Social Sector Trials

The Minister for Social Development has announced changes to the Social Sector Trial Model.
You can read the Minister’s statement here

What are the Social Sector Trials?

The Trials are a community-based approach aimed at improving the way government plans, funds, and delivers social services. They involve transferring the control of resources including funding, decision-making authority, and accountability for results from government agencies to a Trial lead in the local community. The Trial lead is supported by an advisory group made up of local stakeholders, including local agency representatives.

The pilots aimed to:

  • reducing offending;
  • reducing levels of alcohol and substance abuse;
  • reducing truancy rates; and
  • increasing participation in education, training or employment

The Trials initially began in six rural communities in March 2011 and are currently operating in 16 communities around New Zealand.

The Trials are supported at the national, regional and local level by the Ministries of Education, Health, Justice, Social Development and the New Zealand Police.

What’s Changing?

The Trials are now coming to a close.

Where successful, the SST will transition from a community-influenced model to a community-led model, with a less narrow focus for the delivery of services.

The remaining SST locations will cease to be funded on 1 July 2016 because they are ready to be managed locally, or performance to date means exit is appropriate.

What Happens next?

The vast majority of initiatives coordinated under the SST umbrella are new to communities as a result of the trial model (leadership, needs identification, funding, coordination, mandate etc.) and next steps for these programme and services will ensure a smooth transition.

The transition process is expected to include:

  • A six month transition phase in sites identified for transition. A Trial Lead will be retained to facilitate a process with their advisory group to determine what a long term model would look like, or integration, or exit. A line by line review of current SST elements, both coordination and programmes/services, will be undertaken locally to support the process. Some current programmes and services would be continued while this process is going on, and small level of contract funding is provided to support this.
  • A transition phase across May – June 2016 is envisaged in sites where the Trials are ending on 30 June 2016. A line by line review of current SST elements, both coordination and programmes/services, will be undertaken locally to support the process. Local processes through advisory groups will support the transition of children, young people and other service users where possible. The SST lead is funded until June 2016 and no government agency support in these sites beyond 30 June 2016 has been mandated – but ongoing agency engagement will be locally determined.

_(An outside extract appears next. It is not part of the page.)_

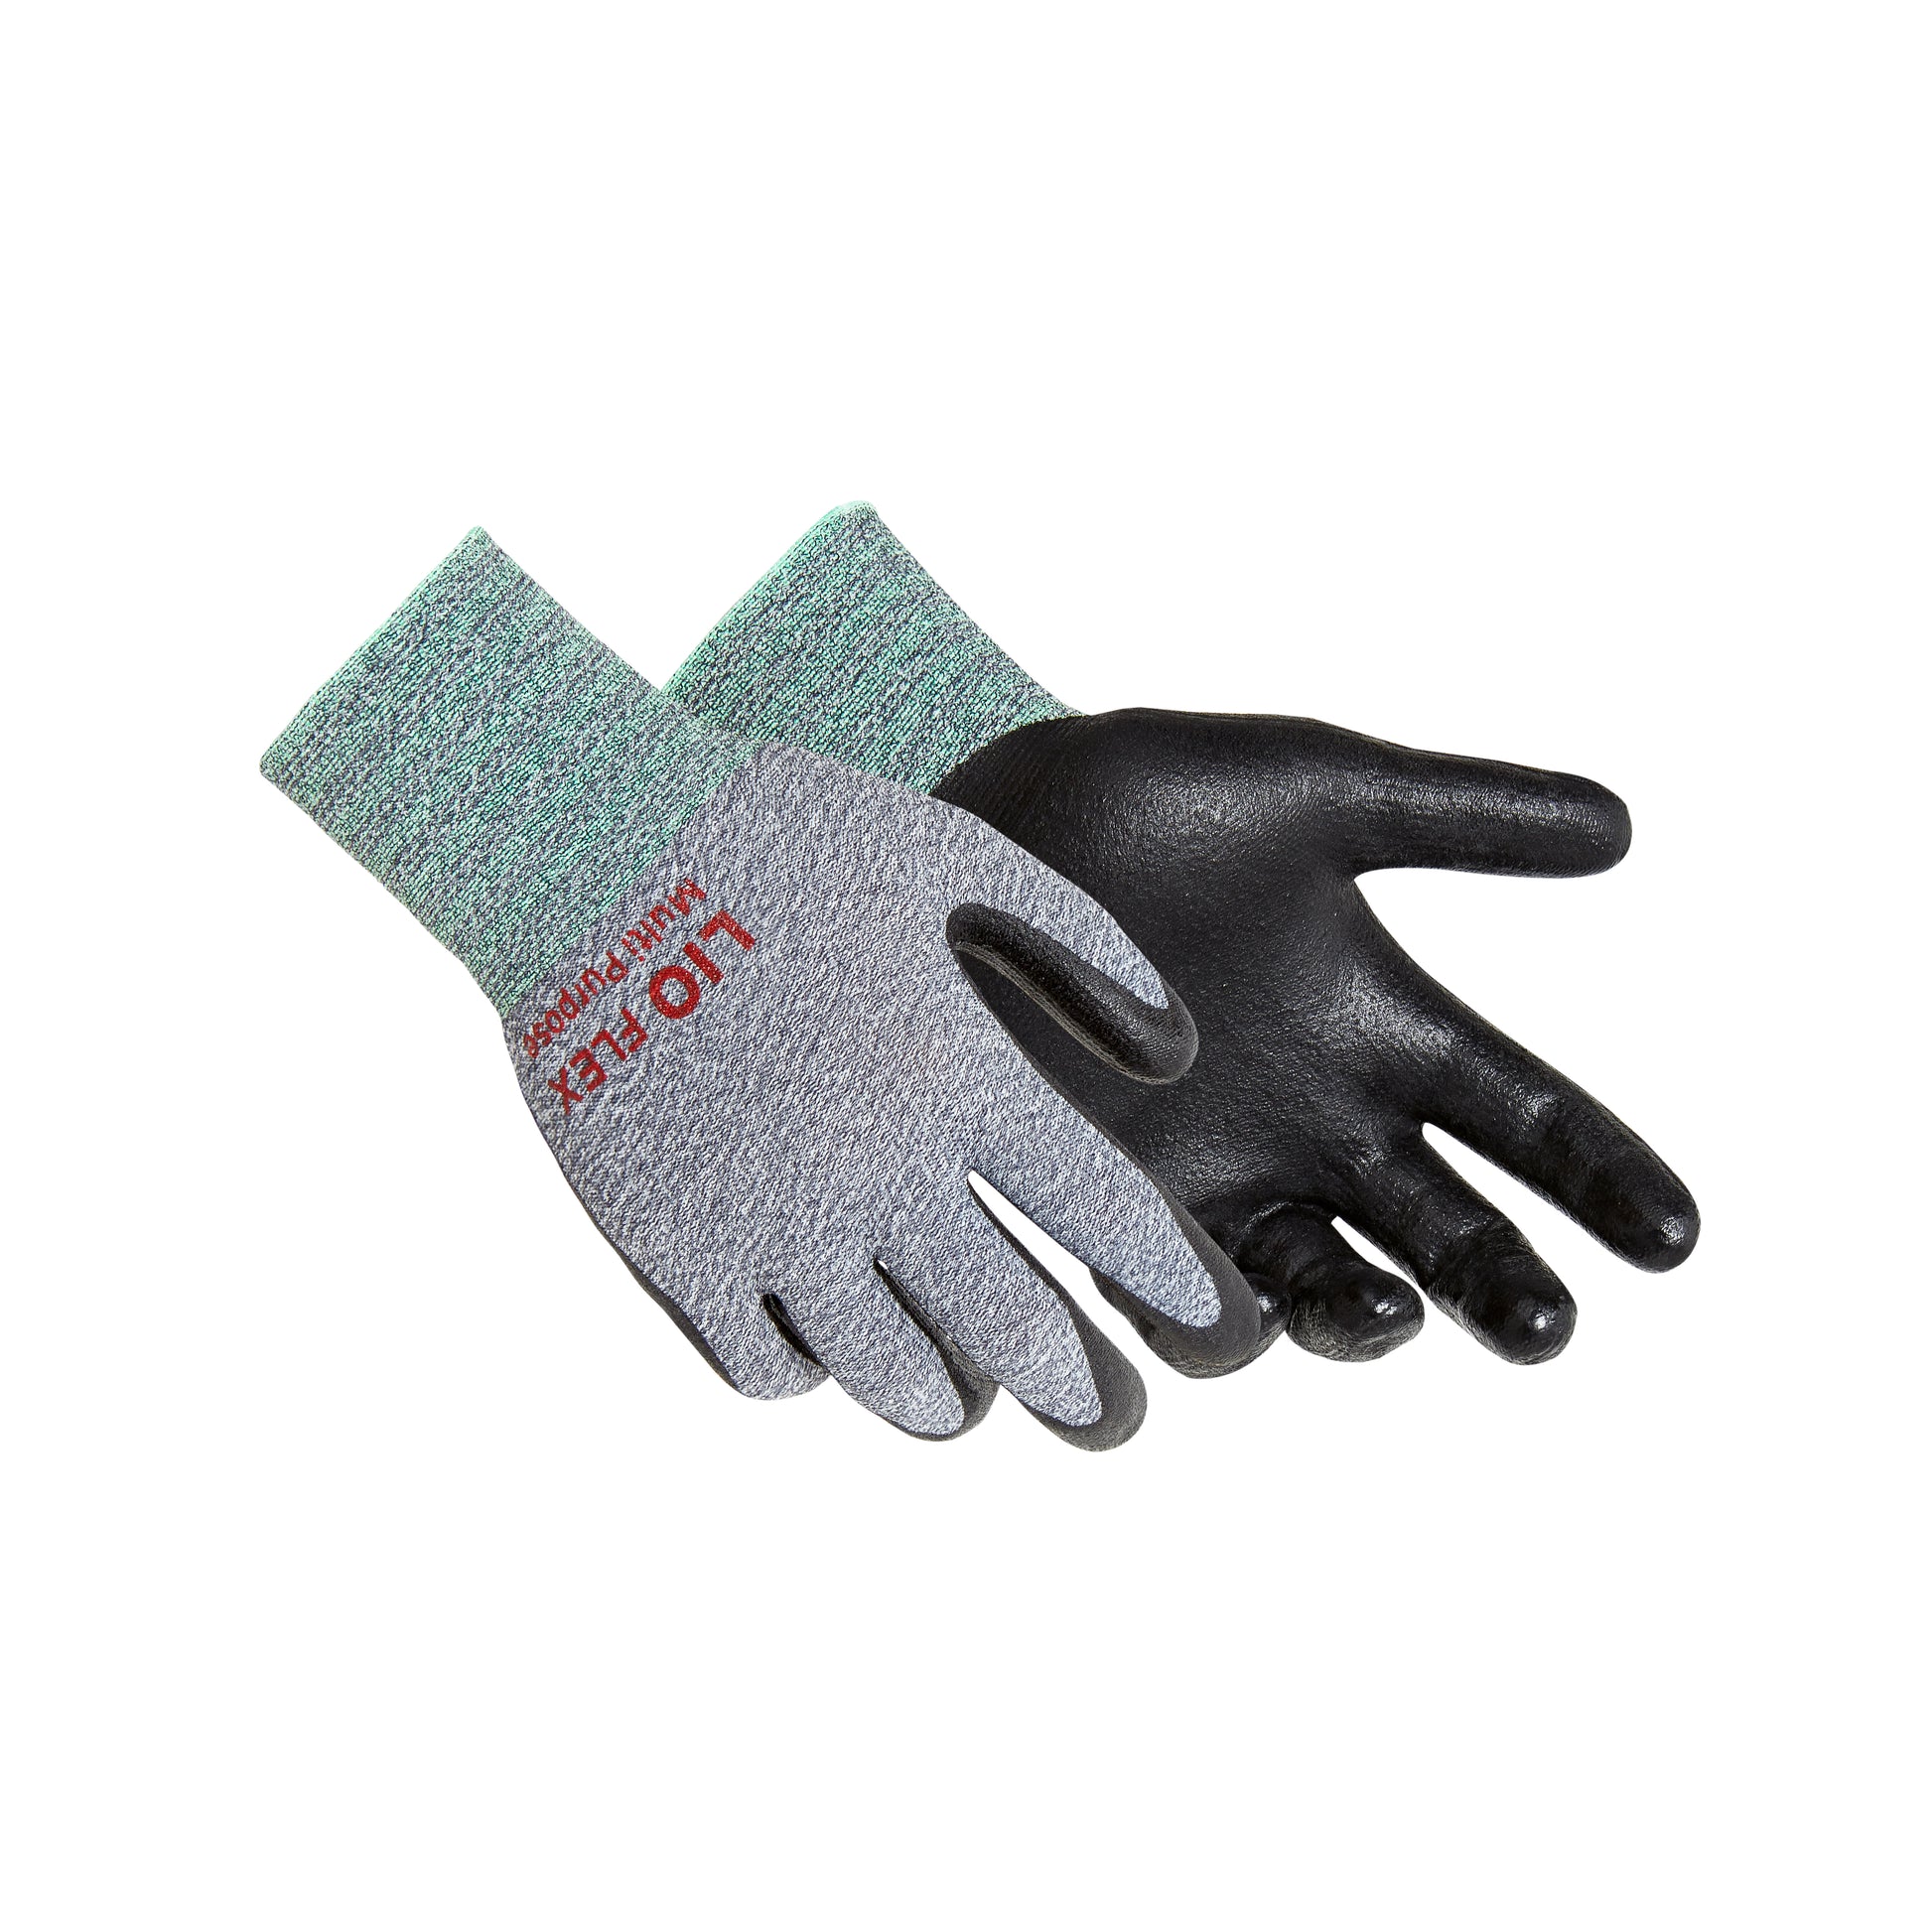 https://lioflex.com/cdn/shop/products/LioFlex_Multi_Purpose_Gloves_Main_2.jpg?v=1604441297&width=1946

Trials to be transitioned to locally-led leadership

  • Where they are performing well, the trials are now sufficiently embedded in the communities to be managed locally - going from a community-influenced model to a community-led model.
  • This will further enable these locations to move beyond being a ‘trial’, to adapt and customise programmes and services to meet their local community’s needs.
  • Ongoing government agency support, (including a key agency support person regionally), will be in place for six months to assist the SST to make a successful transition.
  • This support will enable communities to review programmes and services and the structures that these sites have in place to establish how they might continue in future.
  • The details of the transition will be different for each community. We expect that it will involve discussions with Councils, NGOs and government agencies.
  • The ten sites being supported to transition to a locally-led model by 31 December 2016 are:
    • South Waikato, Gisborne, Kaikohe, Waitomo, Taumarunui, Kawerau, Horowhenua, Porirua, South Dunedin, and Gore.
  • The strengths of these trials include:
    • Long standing provider sector (broad spectrum) support
    • A large and varied work programme, in many cases resulting in a better mix of programmes and services.
    • Highly visible through hubs, staff, programmes and services – a distinct community presence.
    • A positive impact on the community, and has been effective in implementing a coordinated approach to social services across issues including offending, school attendance, education/employment and training.
    • The coordination and working relationships have been developed are embedded and there is considerable local commitment to continuing to work in this way.

Trials to be exited

  • Trials in five sites will be ended at 30 June 2016
    • Whakatane, Rotorua, Waikato, South Taranaki, and Wairarapa. These sites have been in place since July 2013.
  • These are locations where the new way of working has been less successful and are not making as much difference as expected. In these cases it is difficult to justify continued funding.
  • The reasons behind the exits are wide-ranging, but were in no way a reflection of the local leadership; rather any lack of success was despite the best efforts of all involved.
  • Broadly, the challenges identified were:
    • In some areas there are other programmes currently operating in the community that are already working towards improved outcomes, resulting in a ‘crowding’ that has reduced traction in the community.
    • Where the trials operated across a large and diverse area – particularly where there is a high number of small communities widely spread, the trials have been difficult to embed.
  • One SST site can be exited on 30 June 2016 because it is ready to be managed locally
  • The Ranui SST covers a small suburban area in West Auckland.